The problem is, "to determine any differences between the curves of the parametric equations. Are the graphs the same? Are the orientations the same? Are the curves smooth? Explain."
(a) $x=t;\quad y=2t+1$
(b) $x=\cos\theta;\quad y=2\cos\theta +1$
(c) $x=e^{-t};\quad y=2e^{-t}+1$
(d) $x=e^t; \quad y=2e^t+1$
The only one I am having difficulty with is (b). The graph provided in the answer key is:
Why are the arrows pointing in both directions? Is there no orientation? Also, they describe the curve as not being smooth. Why is this?
EDIT:
I have another question; the criteria given in the problem above is the same for this problem.
The parametric equations are, (a) $x=\cos\theta$, $y=2\sin^2\theta$
(b) $x=\cos(-\theta)$, $y=2\sin^2(-\theta)$
where $0<\theta<\pi$.
With the information, $-1<\cos\theta<1 \implies -1<x<1$ and $0<\sin\theta<0\implies0<2\sin^2\theta<0\implies0<y<0$
In the answer key, however, they have $-1\le x\le1$ How did they get the "equal to" component in there?

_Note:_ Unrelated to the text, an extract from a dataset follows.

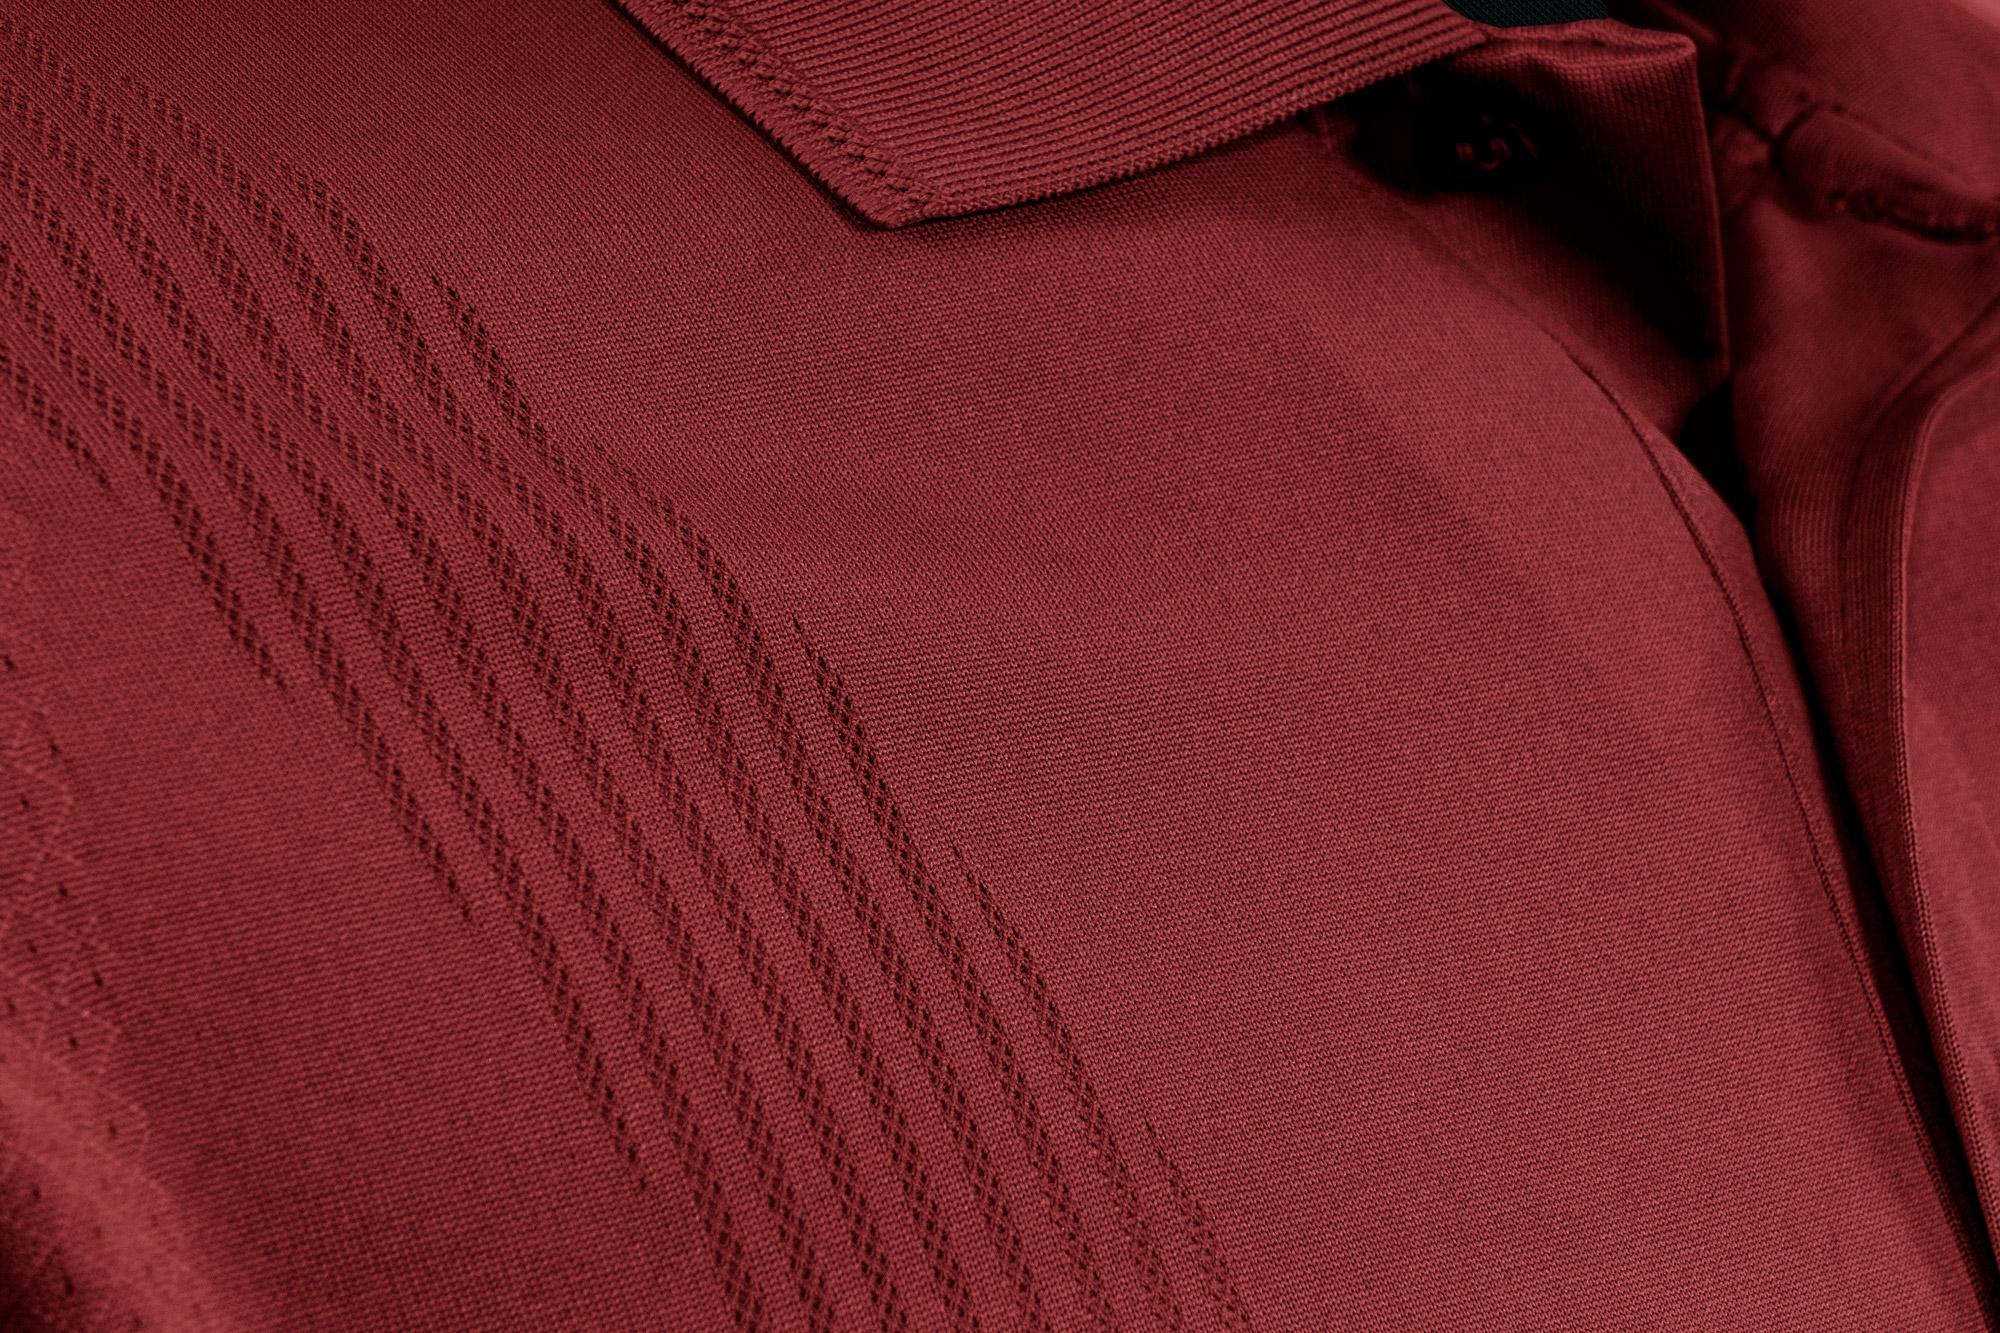 bodymapping polo shirt closeup

Hint for 1st part: $\cos\theta$ is a periodic function that cycles between $\pm 1$. A curve may fail to be smooth if its velocity vector is ever $0$--that is, if $x'$ and $y'$ are both $0$ at some point--as happens at the endpoints, here.
2nd part answer: As a hint for comparing the two parts, use the fact that sine is an odd function and cosine is an even function.
Assuming that the $0<\theta<\pi$ is correct, then you're correct that $-1<x<1$.
You are incorrect, though, in your claim that $0<\sin\theta<0$--for that would imply that $0$ is less than itself, which makes no sense. If you happen to know that a function is monotone (increasing or decreasing) on an entire interval--as is the case with $\cos\theta$ on the interval $0<\theta<\pi$--then you can simply check the values (or limiting behavior) at the endpoints of the interval to find the bounds of the function on that interval--as you did with $-1<\cos\theta<1$. Unfortunately, this doesn't work for all functions (as it can lead to problems like the aforementioned nonsense). On the interval $0<\theta<\pi$, we can say that $0<\sin\theta$, however, $\sin\theta$ achieves a maximum value of $1$ at $\theta=\frac\pi2$. Hence, $0<\sin^2\theta\le1$, and so $0<y\le2$.